Exercise:
Repeat the data exactly, please; no pictures belong in the copy.

Supplied data:
◆ ◆ ◆
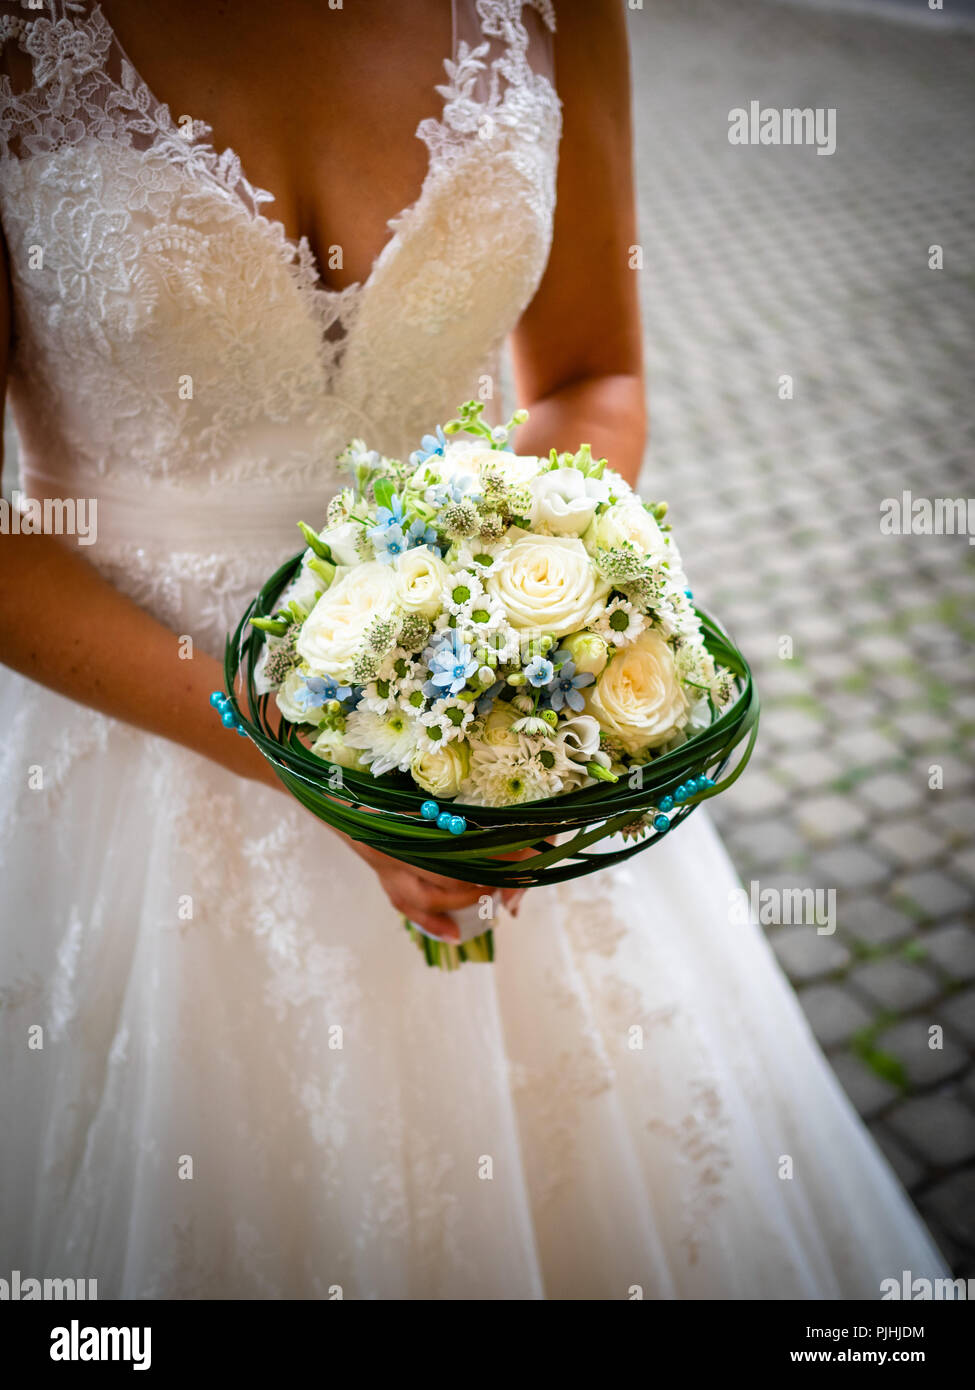 Die Braut hält den Strauß mit weißen Rosen und kleinen blauen Blumen, mit  grünen Blättern und blauen Perlen umgeben, weiße Spitzen Kleid, und  Gänseblümchen Stockfotografie - Alamy
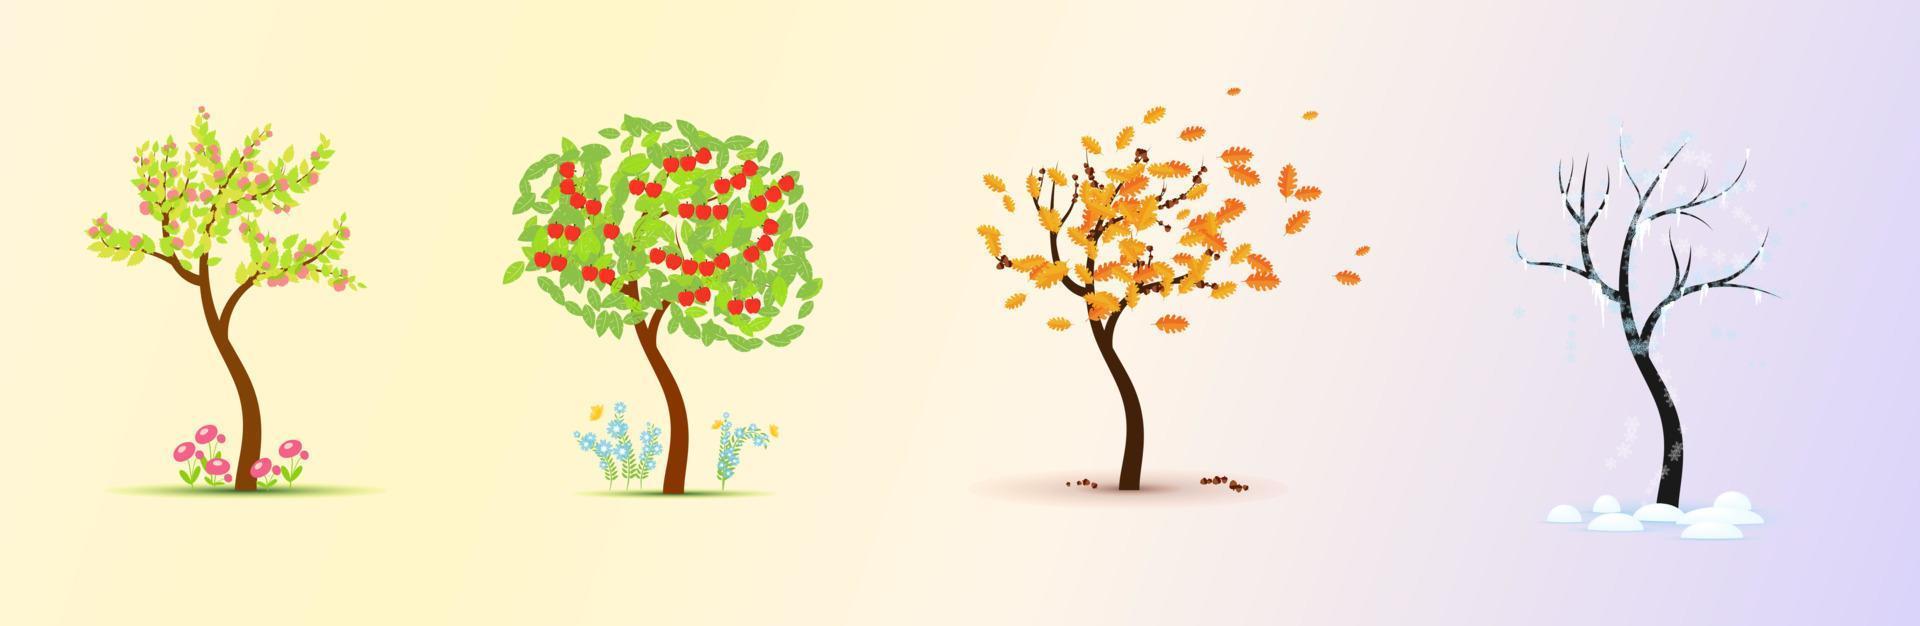 Jahreszeiten. Baum in vier Stufen - Frühling, Sommer, Herbst, Winter-Vektor-Illustration vektor
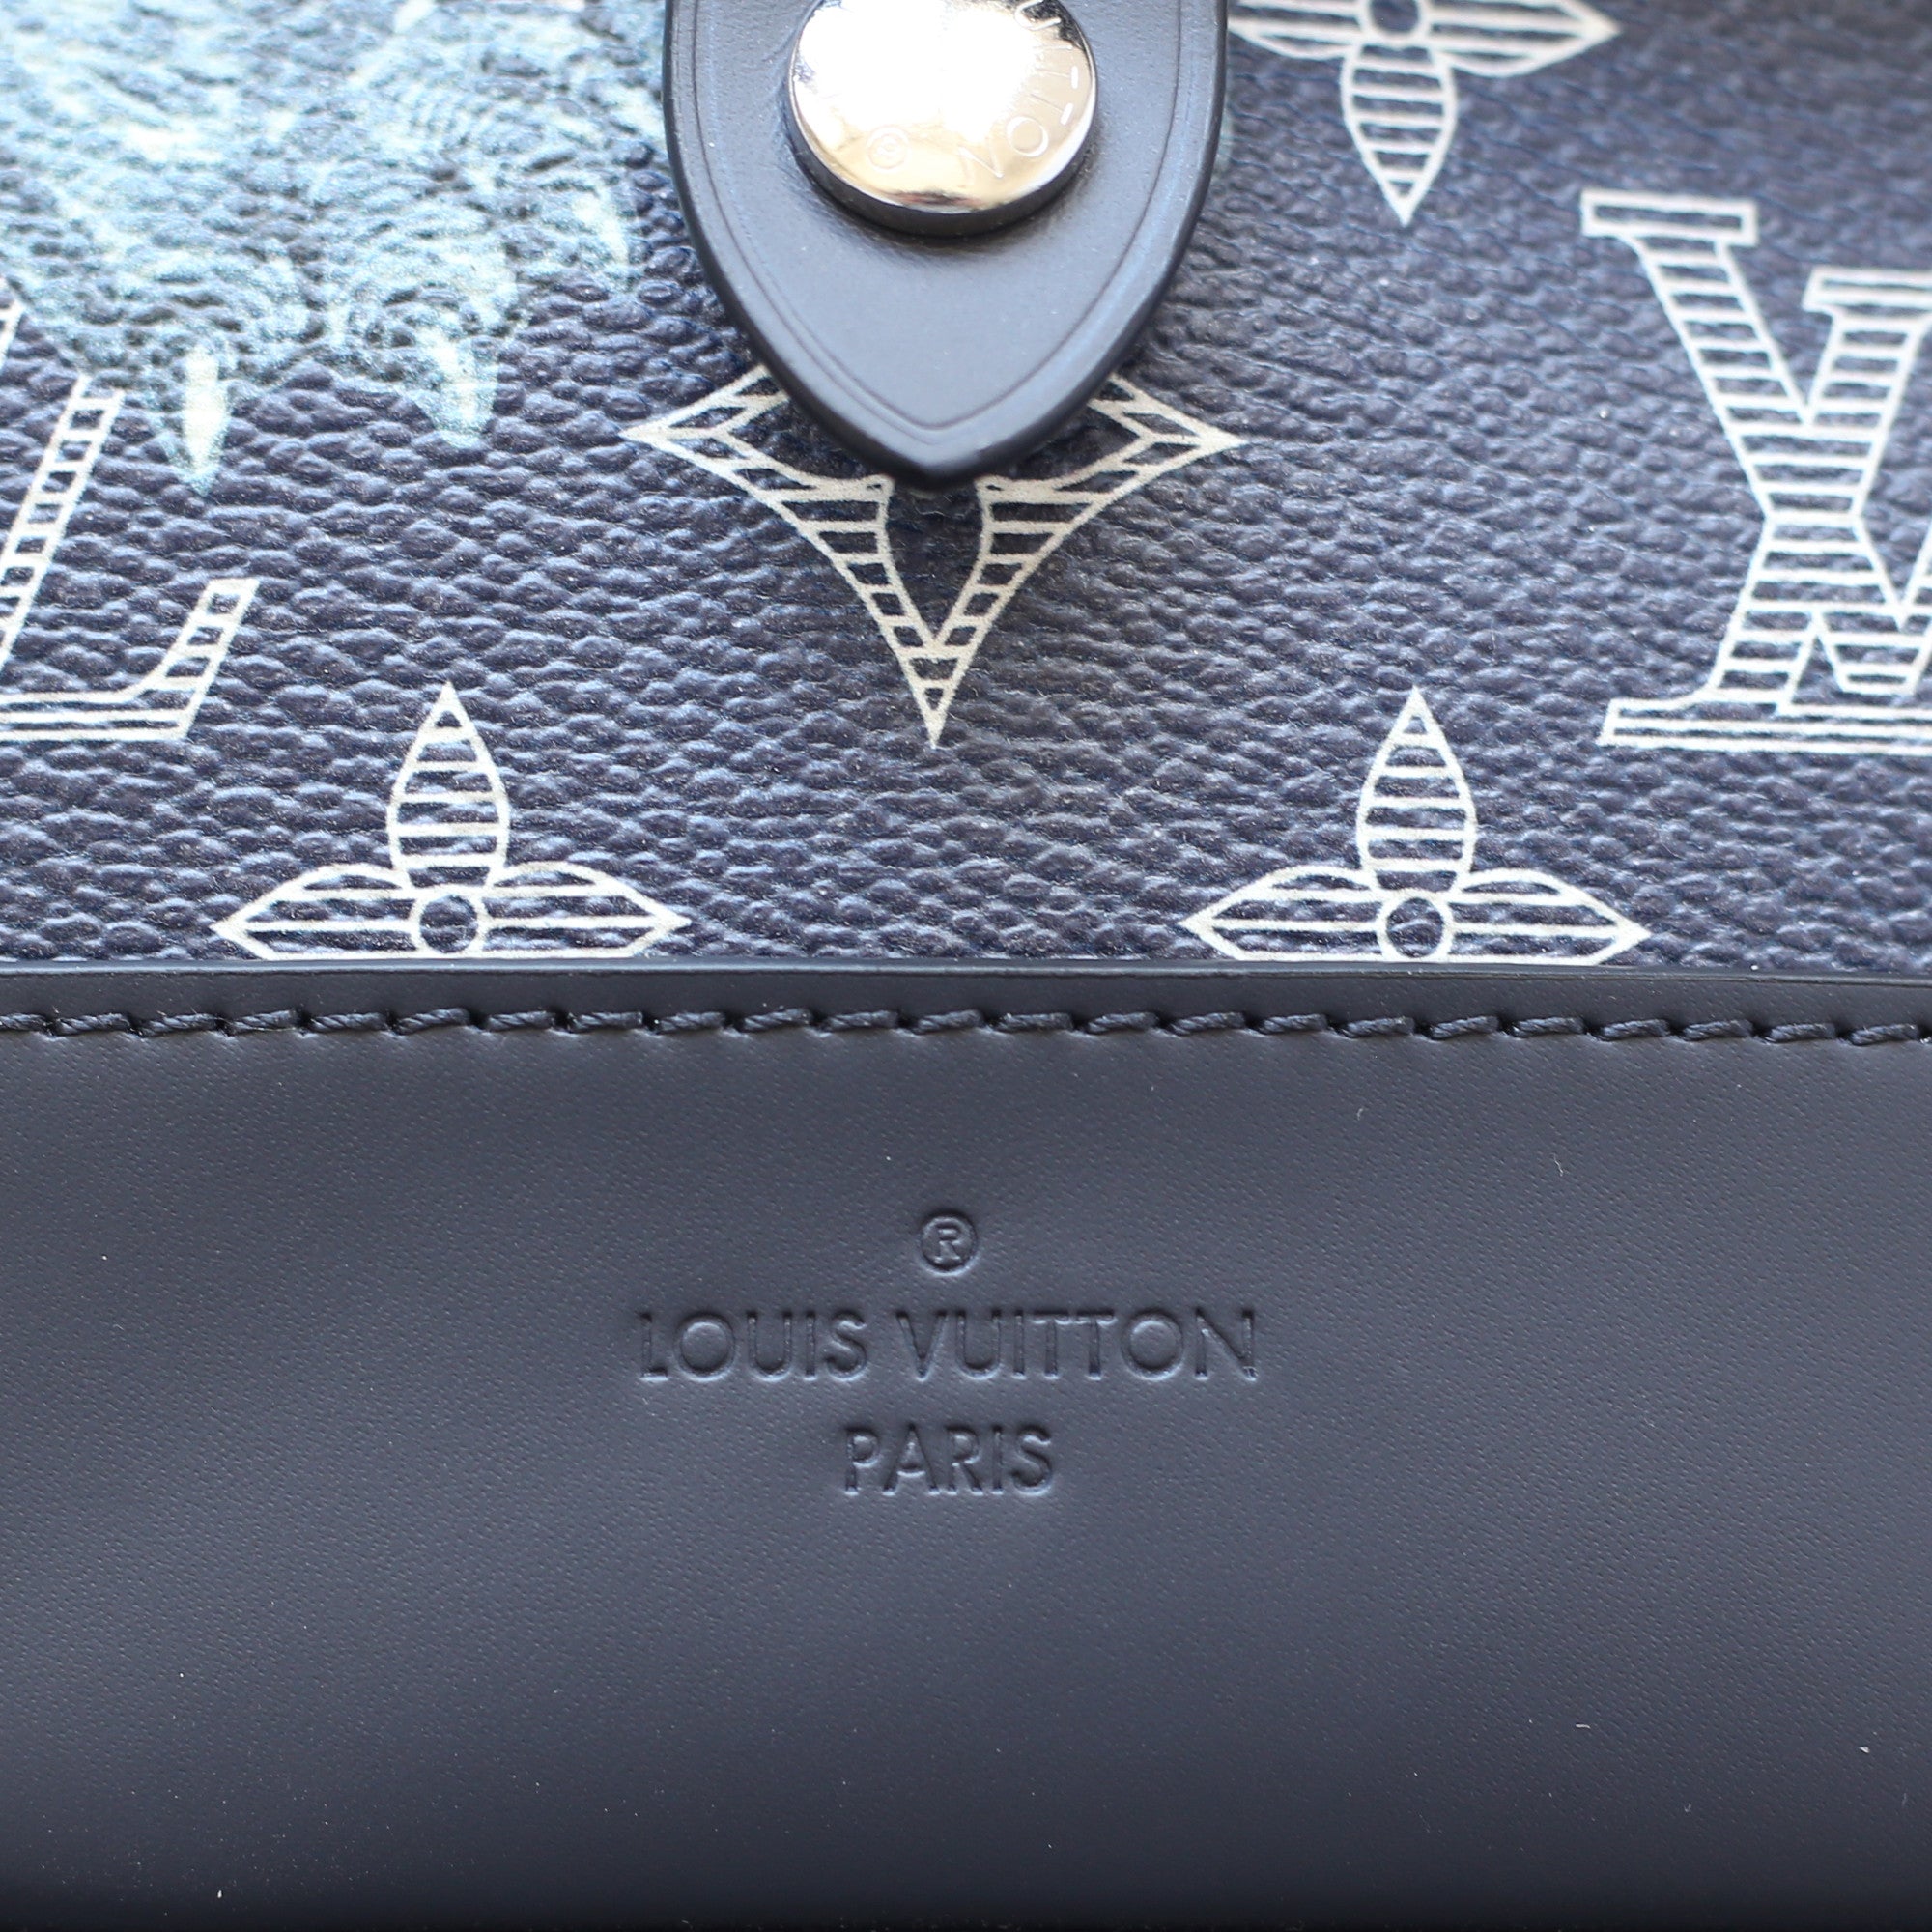 AUTHENTIC Louis Vuitton LV Savane Monogram Lion Chapman Men’s Size 8 (RARE)
◆ ◆ ◆
Answer to the problem:
 Die Braut hält den Strauß mit weißen Rosen und kleinen blauen Blumen, mit  grünen Blättern und blauen Perlen umgeben, weiße Spitzen Kleid, und  Gänseblümchen Stockfotografie - Alamy
 Jahreszeiten. Baum in vier Stufen - Frühling, Sommer, Herbst, Winter-Vektor-Illustration vektor
 AUTHENTIC Louis Vuitton LV Savane Monogram Lion Chapman Men’s Size 8 (RARE)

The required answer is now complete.